The YCWS also incorporates smart control systems that enhance its overall performance. These controls employ algorithms to anticipate system demands, dynamically balancing the load across multiple chillers and optimizing energy use throughout the day. Integration with building management systems (BMS) allows for seamless communication and remote monitoring, giving facility managers greater oversight and control over their cooling operations.

Sustainability is at the core of the York YCWS design. The system uses environmentally friendly refrigerants that comply with global standards for reducing greenhouse gas emissions. Additionally, the modular design of the chiller units allows for easy upgrades and expansions, accommodating growing cooling needs without necessitating a complete system overhaul. This flexibility supports a more energy-efficient and environmentally responsible operational model.

The system's footprint is relatively compact, allowing it to fit into tighter spaces typically found in urban settings. Furthermore, the YCWS is engineered for quiet operation, minimizing noise disturbances for occupants in and around the building.

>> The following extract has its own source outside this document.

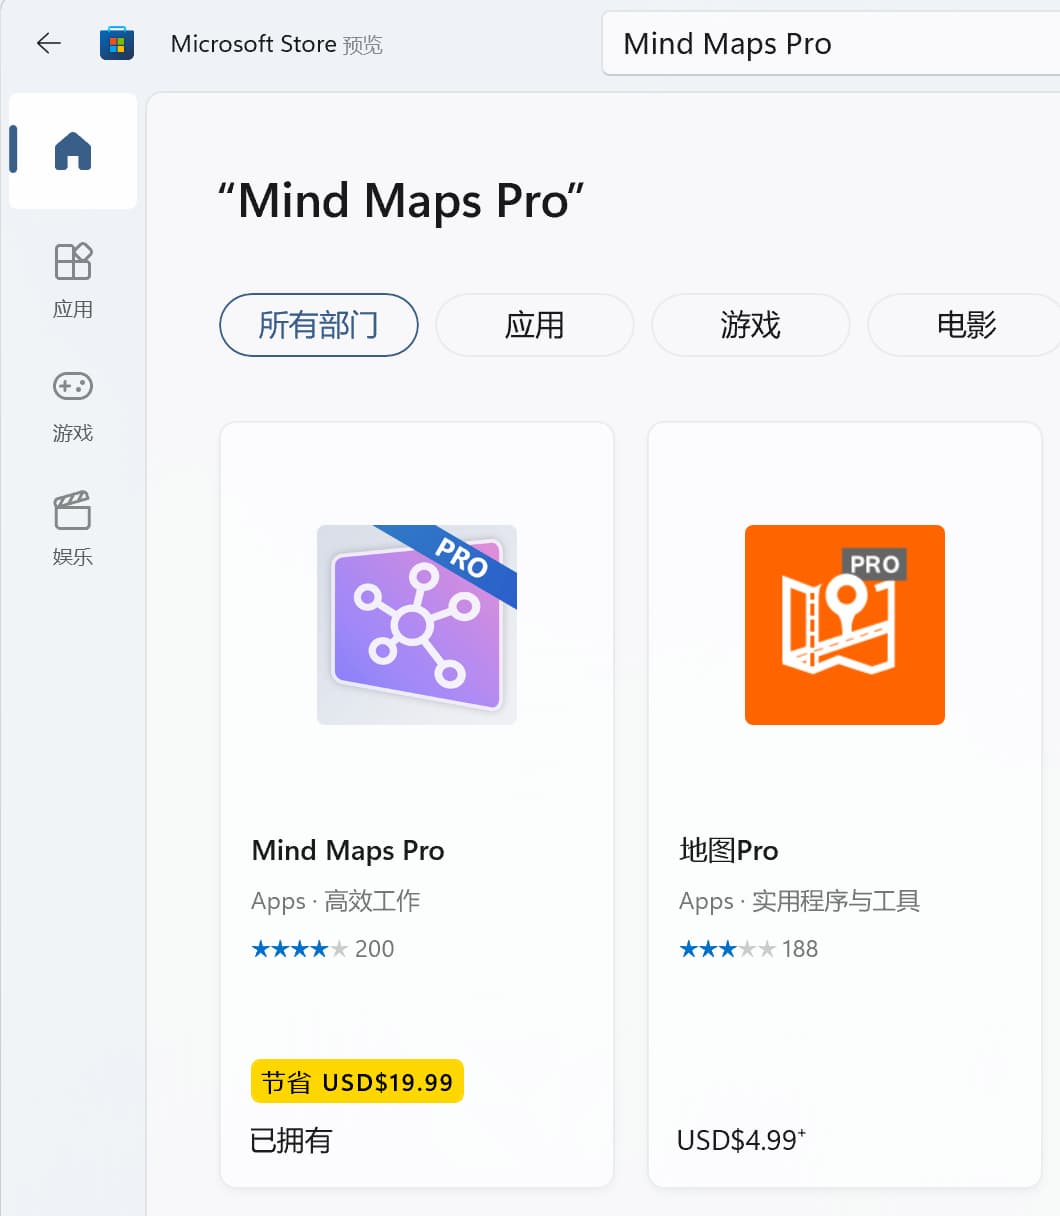 Mind Maps Pro 限免，专业思维导图工具，原价 144 元[Windows] 2

Reliability is another key characteristic of the York YCWS. With a focus on durability and performance, these systems are built to function optimally in various environmental conditions. The robust construction and high-quality materials ensure long-term service, reducing the need for frequent maintenance and associated costs.

In summary, the York YCWS is not just a cooling solution but a comprehensive system that embodies modern engineering principles. Its efficiency, sustainability, and adaptability make it a preferred choice for industries looking to invest in their future. With its smart technologies and robust features, the York Chilled Water System is well-equipped to meet the demanding needs of today's commercial cooling challenges.